The problem for Anton Chekhov’s eponymous character, Ivanov, is that he has become aware of his creatureliness and become so overwhelmed by this sensation that his project of becoming a unique personality, his heroic project, his immortalization project, which had led him to an exciting life with Sarah (now Anna), a life which was outside the horizon set by the expectations of his (and her) cultural environment, has become utterly defeated.  He is no longer able to fight his awareness of death, no longer able to deny death and creatureliness in a culture which in its boredom exudes death.  Unable to participate in a larger cultural project he feels alone and that his own person is insignificant.   His sense of the value of his own personality diminishes to the extent that he unhooks from the greater unique cause that used to sustain him.  Says Ivanov,

“I believed in different things from other people, married a different sort of wife, got excited, took risks, squandered money left right and centre, and was happier and unhappier than anyone else in the country.  These things were my sacks, I heaved a load on my back and it cracked.  At twenty we’re all heroes, tackle anything, nothing’s too much for us, but by thirty we’re tired and useless.  How, how can you explain this fatigue?  Anyway, that’s probably not at all the point.  Now off you go, Paul, and good luck to you.  I’m boring you.

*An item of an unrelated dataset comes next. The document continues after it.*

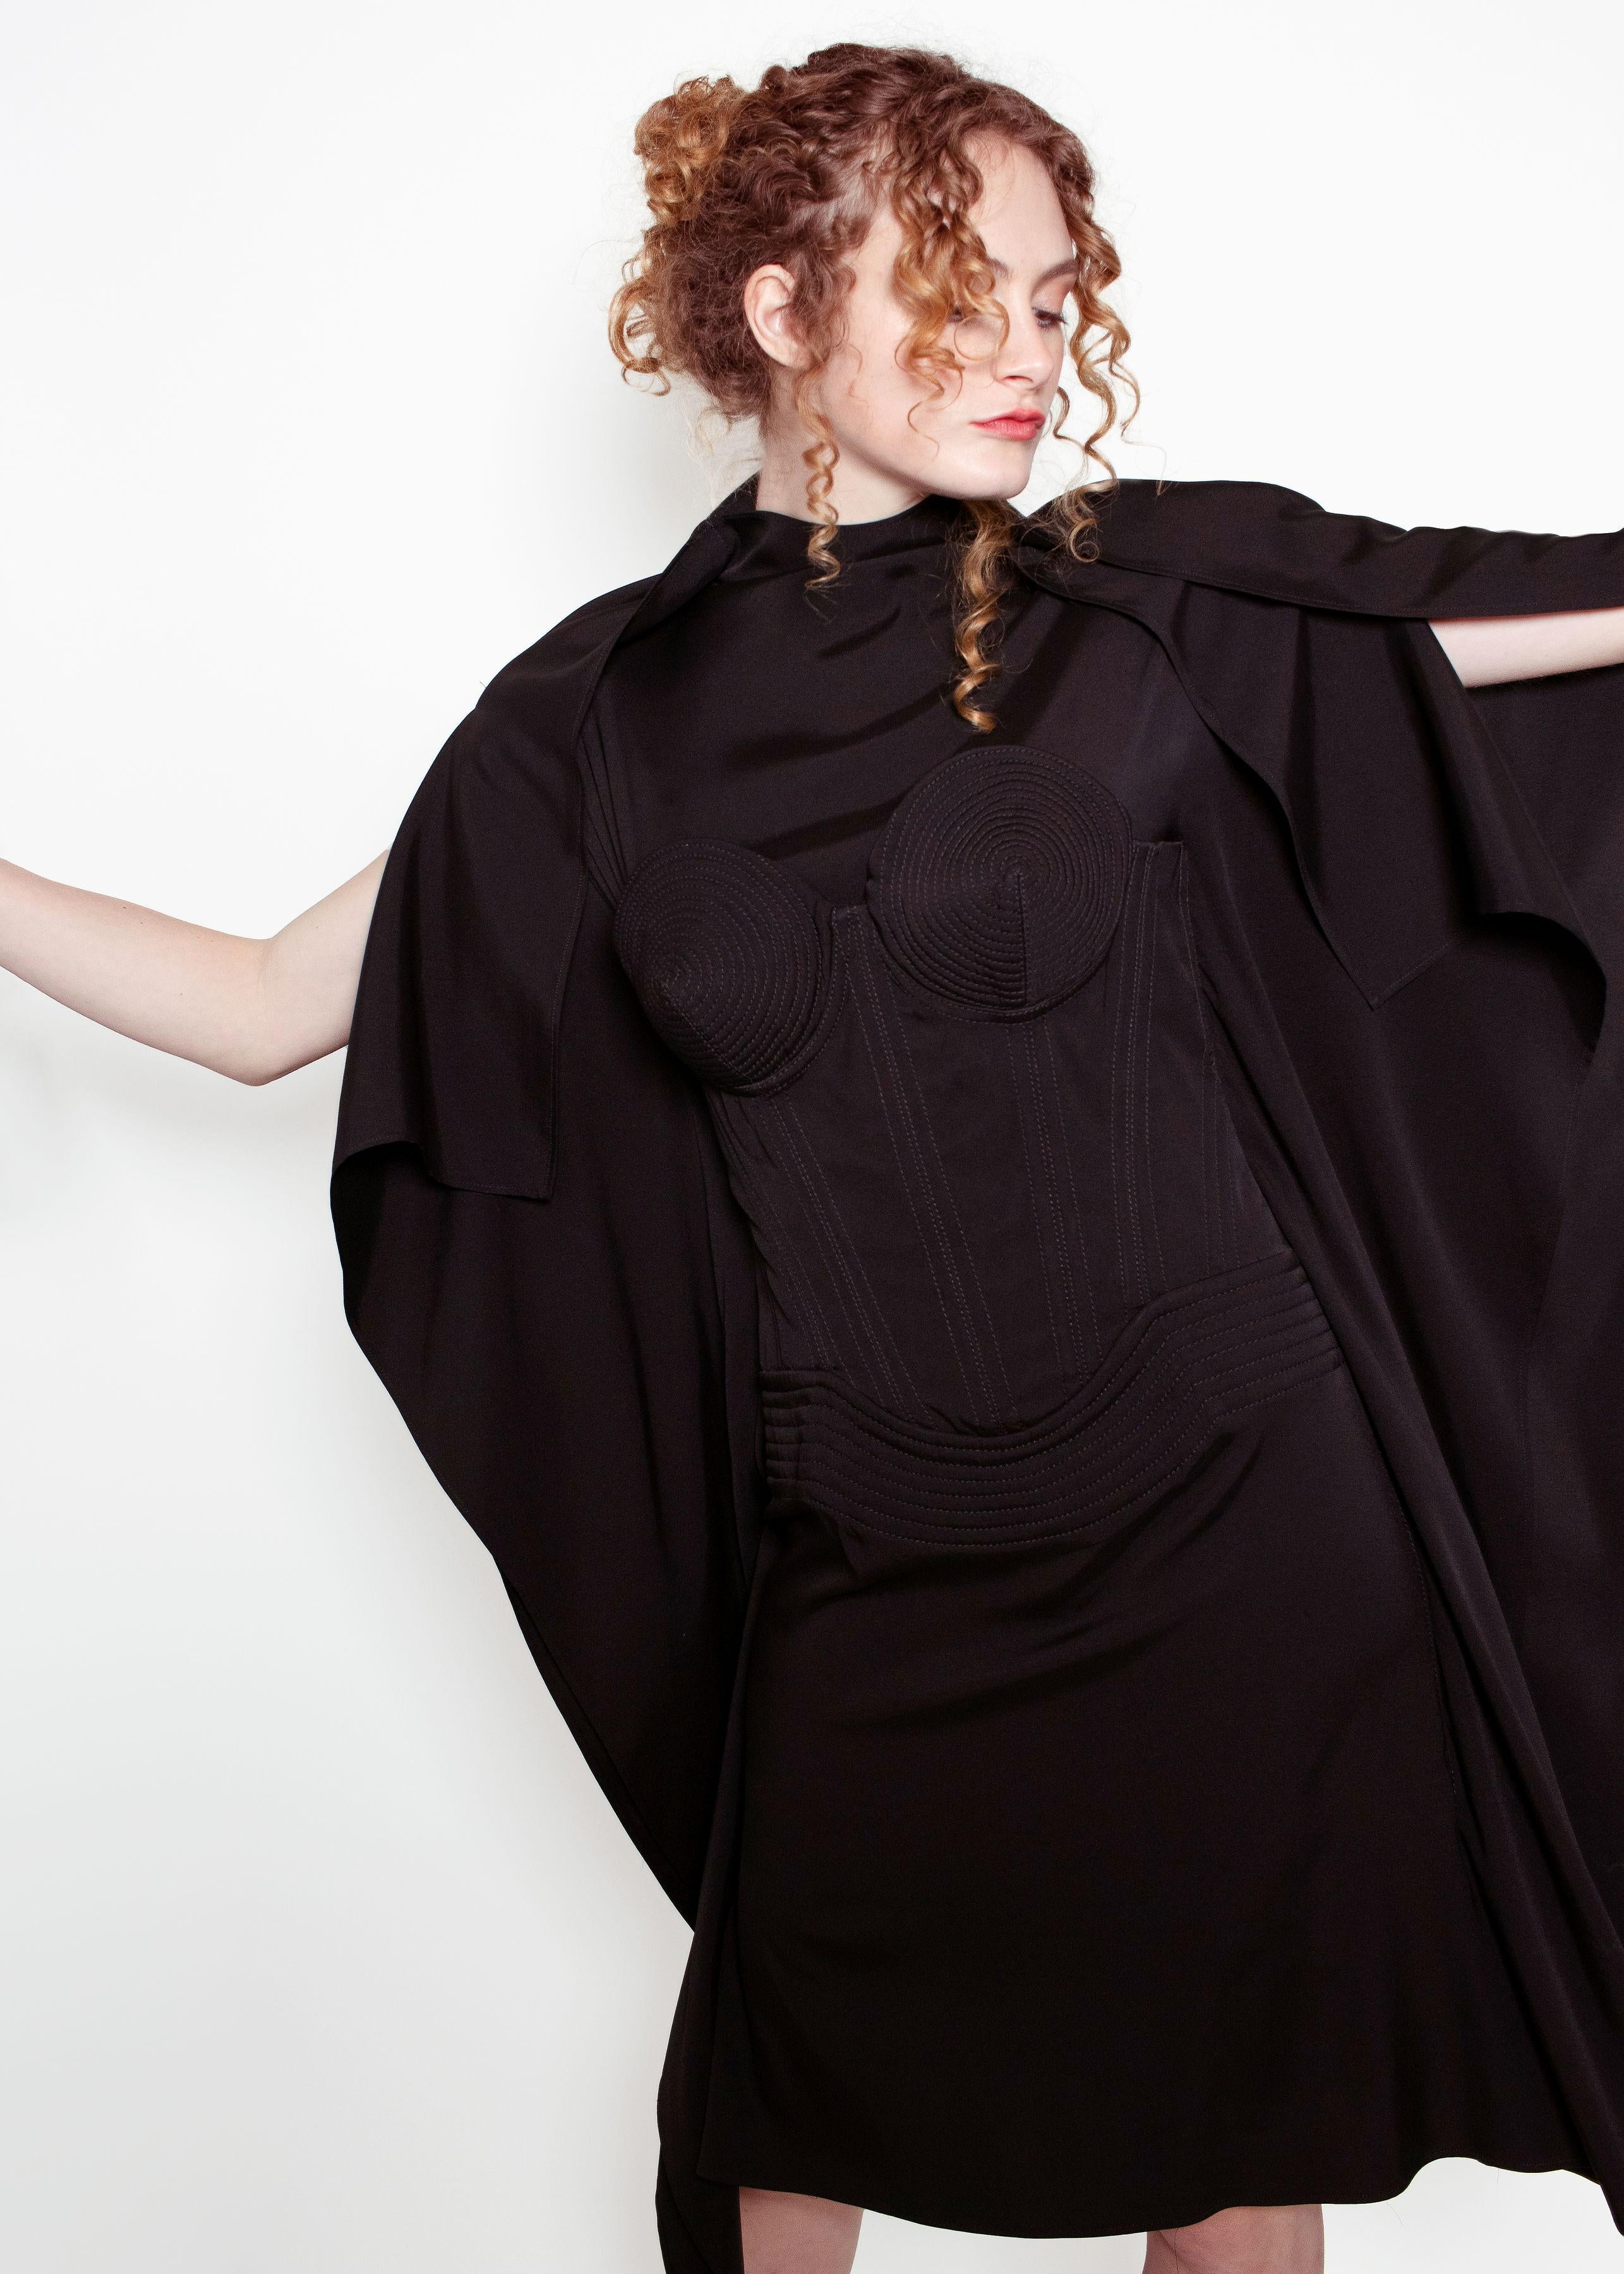 Une incroyable pièce de prêt-à-porter emblématique de Jean Paul Gaultier.  Notre robe à corset et soutien-gorge conique F/W 2010 est dotée d'un corset à lacets dans le dos de la robe.  Il est doté des emblématiques bonnets de soutien-gorge en forme

LEBEDEV: (eagerly.)  You know what?  Your environment’s got you down.

IVANOV:  That’s silly, and it’s been said before.  Off with you.”[xx]  

          It seems to me that Ivanov’s self-diagnosis is spot on.  He has cracked his back, his spine, morally speaking.  Lebedev’s seemingly flippant reaction, inadvertently, hits the nail on the head: there is nothing to sustain Ivanov’s previous project or any new one, for that matter in this environment.  His environment is simply too bored and boring to be much concerned with his search for difference.  Nor are his neighbours likely to sustain a project whereby he could join them in their cultural torpor.  (Only Sasha seems to care and perhaps that is simply because she sees Ivanov as a project for herself.)  Indeed, as far as his environment is concerned Ivanov is only getting what is coming to him due to his transgressions, especially the transgression of having married Sarah. Since Ivanov is financially indebted to the people who define his culture, his sense of burden is so much the greater.  This sense of being burdened, on legs too weak for the load, too thin, perhaps, for the load of a heavy torso supporting a large head with its wide forehead, an actor and a costume designer might well find an appropriate physical expression for, with due subtlety and sensitivity to the communicative possibilities of such a tension between the upper and lower parts of Ivanov’s body.

          Since Ivanov’s earlier project collapsed “for no obvious reason,” he has been beset by a sense of guilt, a burden which torments him throughout the play.  For this reason the playable choices for an actor imaginatively entering the ontological paradox may usefully operate in the area of Ivanov’s attempt throughout to rid himself of guilt, to alleviate his burden.

          In act four, when, after Sarah’s death, Ivanov agrees to marry Sasha in an attempt to connect with his former passion, he finally recognizes the futility of this action as well as its cruelty, in view of his treatment of Sarah. “I can rant and fret to my hearts content, but I’ve no right to destroy anyone else.  I poisoned the last year of my wife’s life with my snivelling.  Since we’ve been engaged you’ve forgotten how to laugh and you look five years older.”[xxi]

In the end, given that he is aware of the deep effects of his actions on others, first on Sarah and now on Sasha, Ivanov’s sense of guilt cancels out any possible prospect of redemption and he commits suicide to stop having these effects, which from his perspective can only get worse and evermore devastating.  Nature has won over culture, creatureliness over the immortal struggle for individuality, the poles which set the parameters of his choices throughout the play.

 

CONNECTING:

Art in general may not, in the first instance, be about communication, but it is certainly an important aspect of the dramatic theatre.  And to enter a communicative situation, a discourse, implies an ethical dimension, as every communicative situation does according to Jürgen Habermas.22 Such an ethic must, apart from the natural condition of being entered voluntarily - i.e. audience members must be able to say yes or no to participating - include the right to expect that the communication is understandable and discernable, that it is possible - at whatever high or low level of penetration - to tell what happened even if the interpretations of these events may differ substantially.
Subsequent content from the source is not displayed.